In the past decades, the approaches on how to take into account the coupling between the ground or sea surface and targets have been extensively studied. Johnson calculated the scattering of dielectric objects in a half space using the four-path method . Guan et al. computed the scattered fields of a perfectly electrical conducting (PEC) target above a finite PEC rough surface using the method of moment (MoM) and half-space Green’s function . Xpatch could be used to calculate the scattering by objects—either PEC or dielectric—above a dielectric rough surface using the high-frequency (HF) methods and generate the SAR images rapidly [3–5]. However, the parameters of the ground or sea surface, including the dielectric constant, and electric conductivity could not be enumerated. On the SAR image simulations, Franceschetti et al. developed a method to produce SAR raw signals, including the stripe and spotlight mode based on the Kirchhoff approximation (KA) method . Depending on this method, the ground or sea surface has been modeled as a rough surface divided by quadrilateral meshes, and the scattering from every mesh conforms to the Gaussian distribution. Xu and Jin generated a set of SAR images of wider scene with different vegetation and buildings using a mapping and projection algorithm (MPA) .
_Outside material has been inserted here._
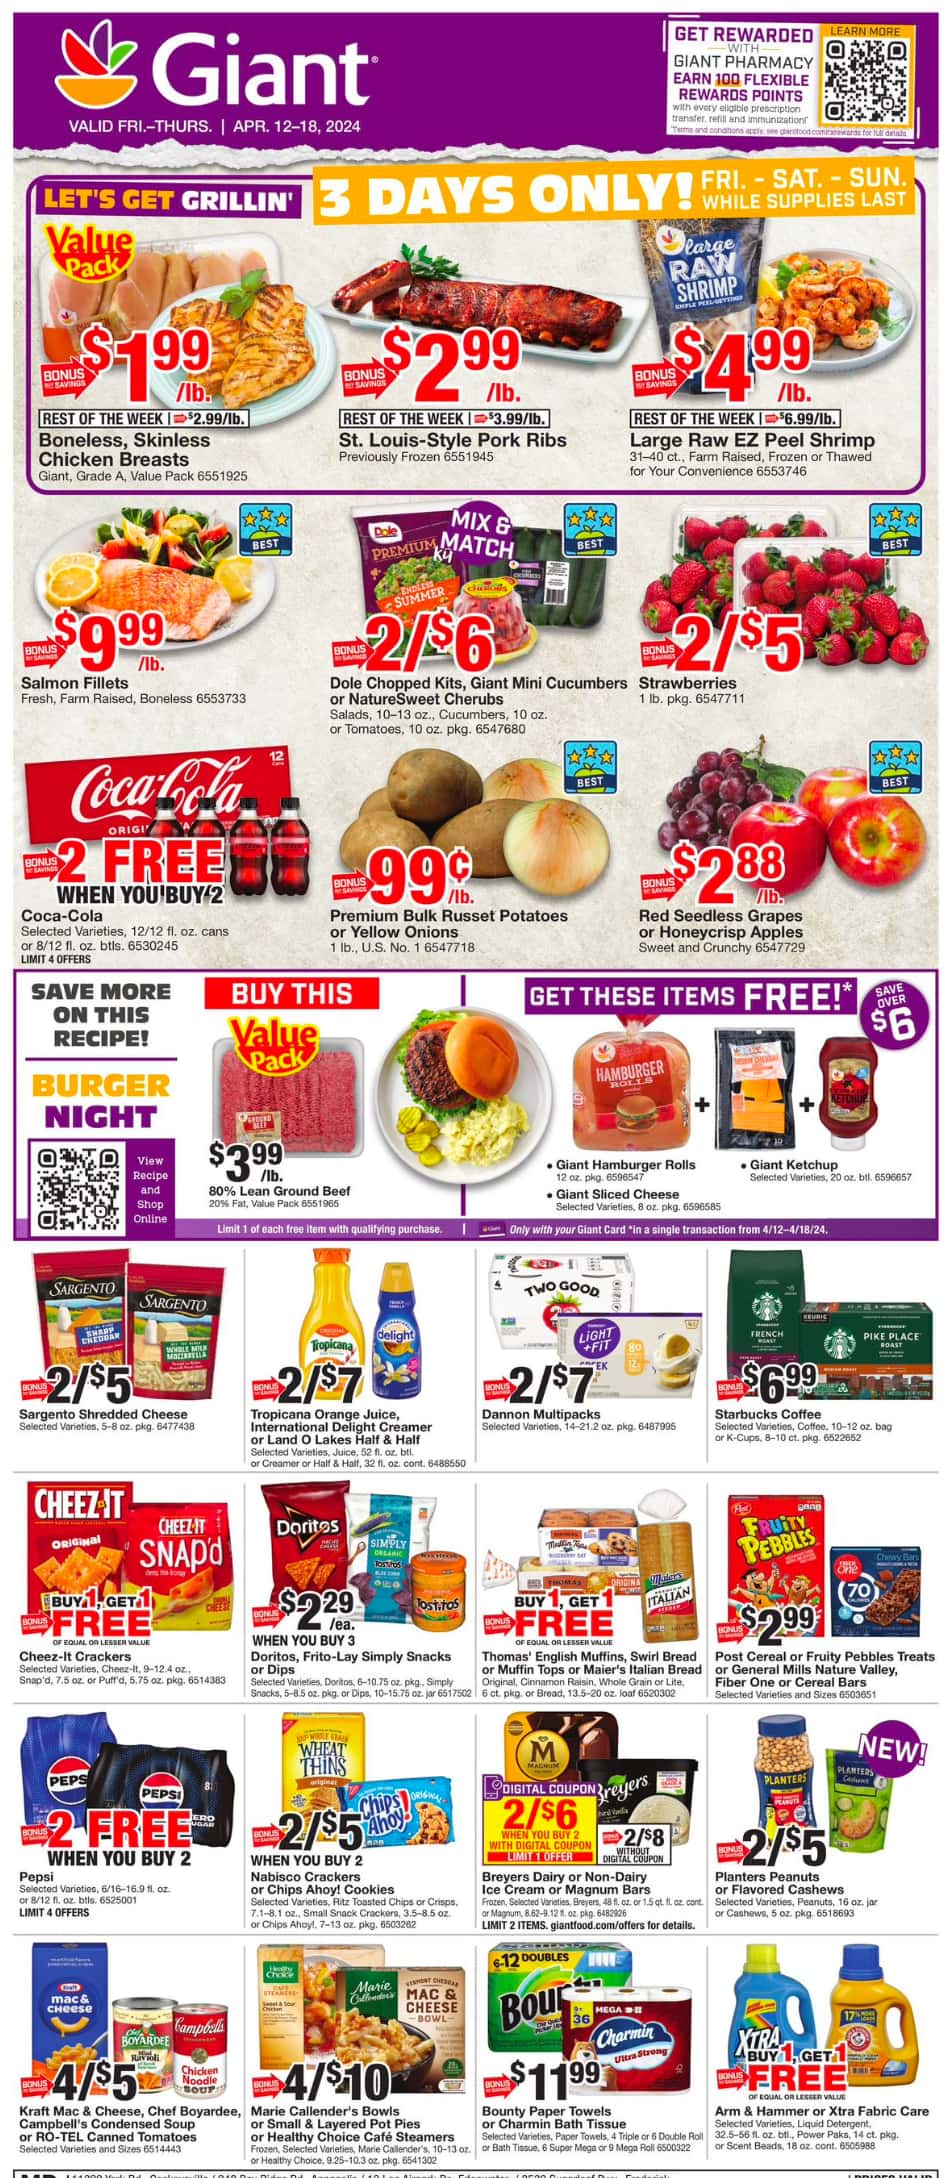 Giant_weekly_ad_041224_01

Under the point-target hypothesis, a real target consists of many scattering points or light spots in its SAR image. However, the light spots are not always appearing inside the SAR image, while they would change with the incident frequency and attitude angle of the target. Another obvious feature in the SAR image is that a shadow exists on the back to the radar sight. The shape of the radar shadow is similar to the shadow when illuminated by light but is not equal to that. The radar shadow is fuzzier than lighting shadow because of the coherent imaging mechanism and the resolution ratio. In the ATR system, the frequently used features include the location and intensity of the scattering centers, the contour of the target, and the shadow. However, the above features of a target alone will be different to those of the target above the ground or sea surface, while the latter will be used in the real ATR systems.
Hence the coupling between the surface and target must be considered when studying the target features in SAR images. In this paper, the frequency-domain scattered fields of targets above a rough surface are computed using the shooting and bouncing ray (SBR) technique and the truncated-wedge incremental-length diffraction coefficient (TW-ILDC) method. The SAR images of targets are then calculated by taking a two-dimensional (2D) IFFT on the scattered fields, in which the coupling effects have been investigated and interpreted in details. When taking IFFT, the resampling and window function methods are used to preprocess the raw frequency-domain data.
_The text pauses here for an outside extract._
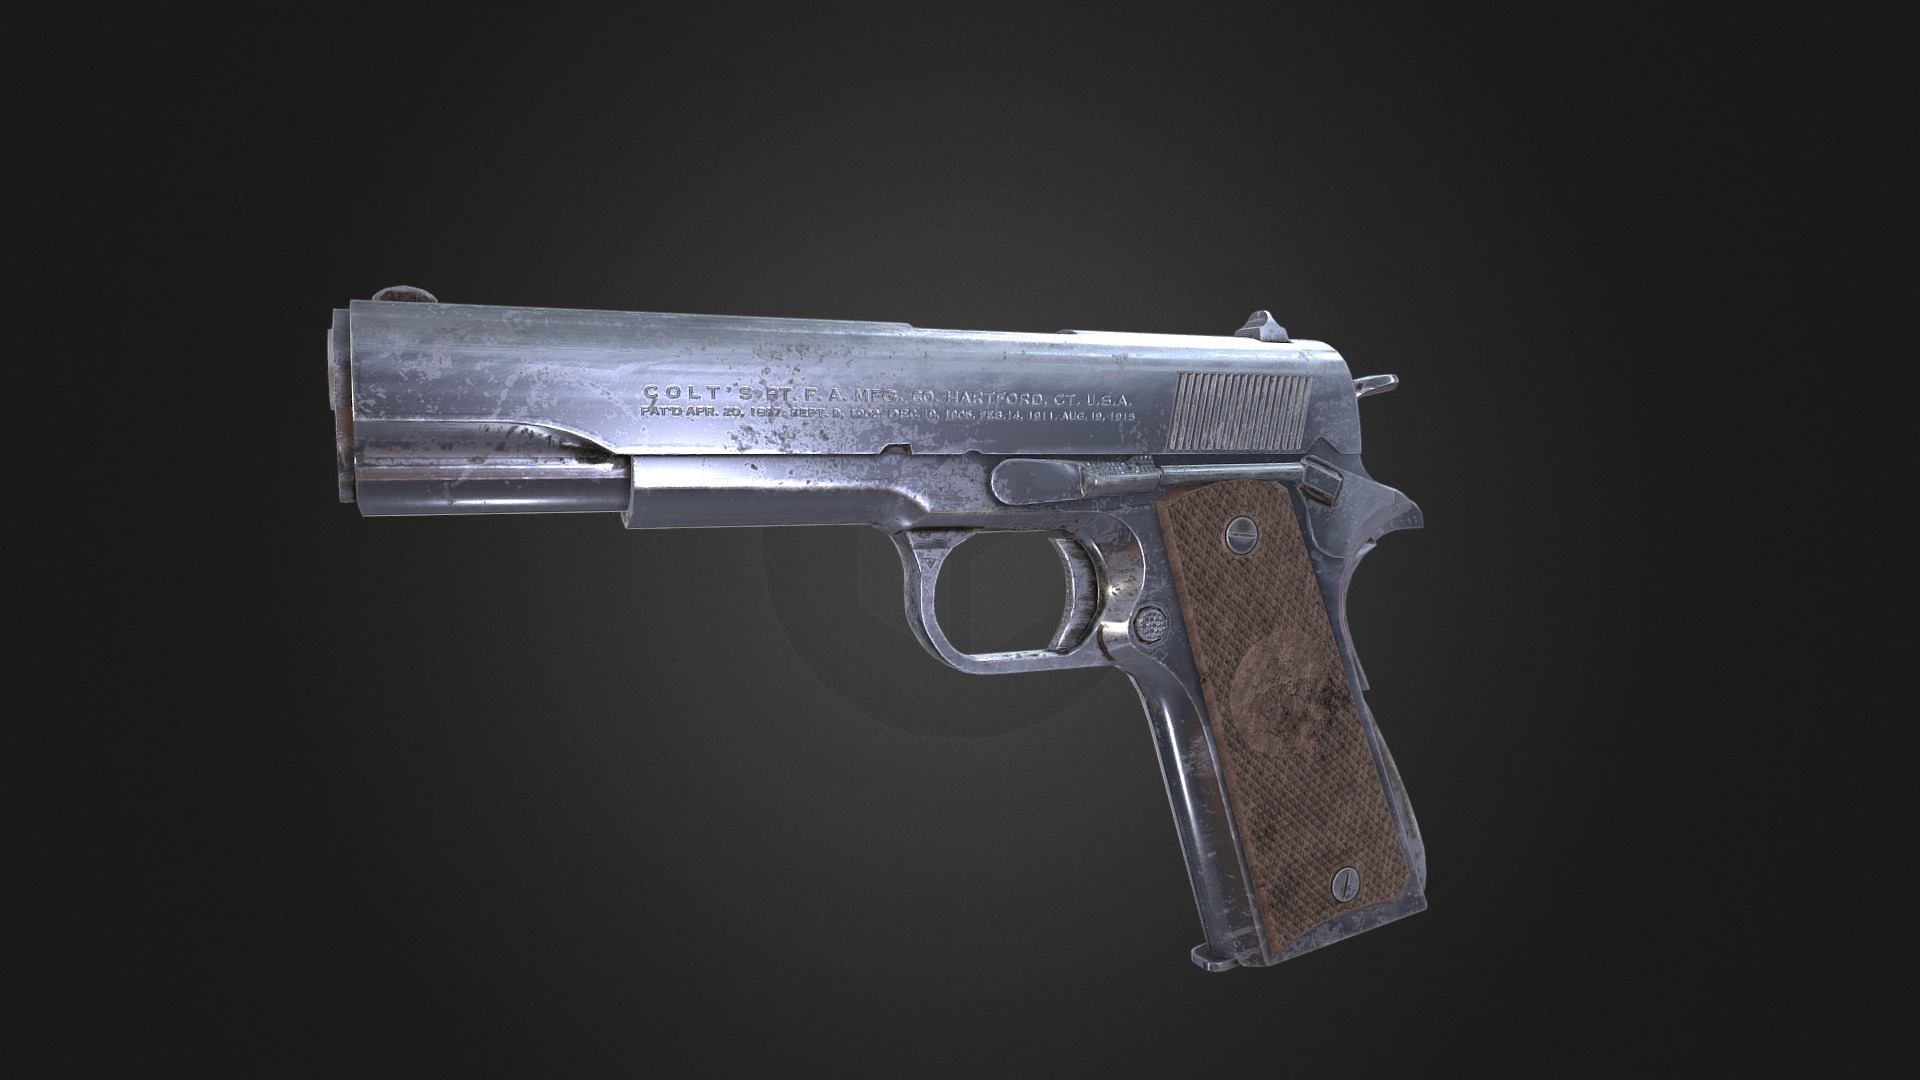 M1911 A1 Pistol Completed

The paper is organized as follows. The SBR technique and TW-ILDC method are introduced in Section 2.1, and the simulations of SAR images are investigated in Section 2.2. Numerical examples are presented in Section 3, which include the targets in free space, the rough surface itself, and the coupling between targets and rough surface. Finally, a conclusion is made in Section 4 to illustrate the importance of the simulations in the real ATR system.
2. SAR-Image Simulations to Targets above a Rough Surface
2.1. Computation of Scattered Fields
After developed by Ling et al.  to calculate the scattering of cavity, the SBR technique had been used to solve the scattering problems for large electrical-size targets successfully. Xpatch is a well-known software combining SBR and other effective methods to calculate the radar cross sections (RCSs), SAR images, and ISAR images of targets.
The main idea of SBR is to use a dense grid of shooting rays as the incident field, then calculate the multiple reflections of every shooting ray by the geometrical optics (GO) method when the ray reacts to the target, and finally to compute the scattered fields using the physical optics (PO) method when the ray escapes from the target. The most time consuming part in SBR is not the electromagnetic (EM) computing but the ray tracing, which could be accelerated by means of parallel methods or GPU techniques. The disadvantage of SBR is that it does not include the diffraction and creeping waves, which would influence the accuracy of computation. The equivalent PO current on the surface of a PEC target is written as in which the coefficient accounts for the shadowing effects, and is the outward unit normal vector to the illuminated object surface at . We could calculate the scattering electrical field by where is the scaler Green’s function in free space
To improve the accuracy of the SBR technique, the TW-ILDC method has been considered to include the diffractions from finite sized wedge faces [9, 10]. The TW-ILDC method has been confirmed to be useful in improving the accuracy, especially for the complicated targets. The detailed derivation of this method and the numerical results have been presented in [11, 12]. The total scattered field is the superposition of the SBR field and the diffraction field as follows: In general, the frequency-domain scattered field could be computed by the combined SBR and TW-ILDC methods .
2.2. The SAR-Image Generation
It has been proved that the SAR image could be generated from the frequency-domain scattered fields using the 2D-IFFT algorithm . The incident magnetic field is obtained by from the specific incident electric field. Then the scattered field is written as We suppose that the component of the scattering field is received, and define a shape function . Then the component of the scattered field is written as from which the relationship between the scattered field and the Fourier transform of the shape function is obtained as follows: in which is the Fourier transform of the shape function That is to say that the shape of the target could be obtained from the scattered field by using IFFT .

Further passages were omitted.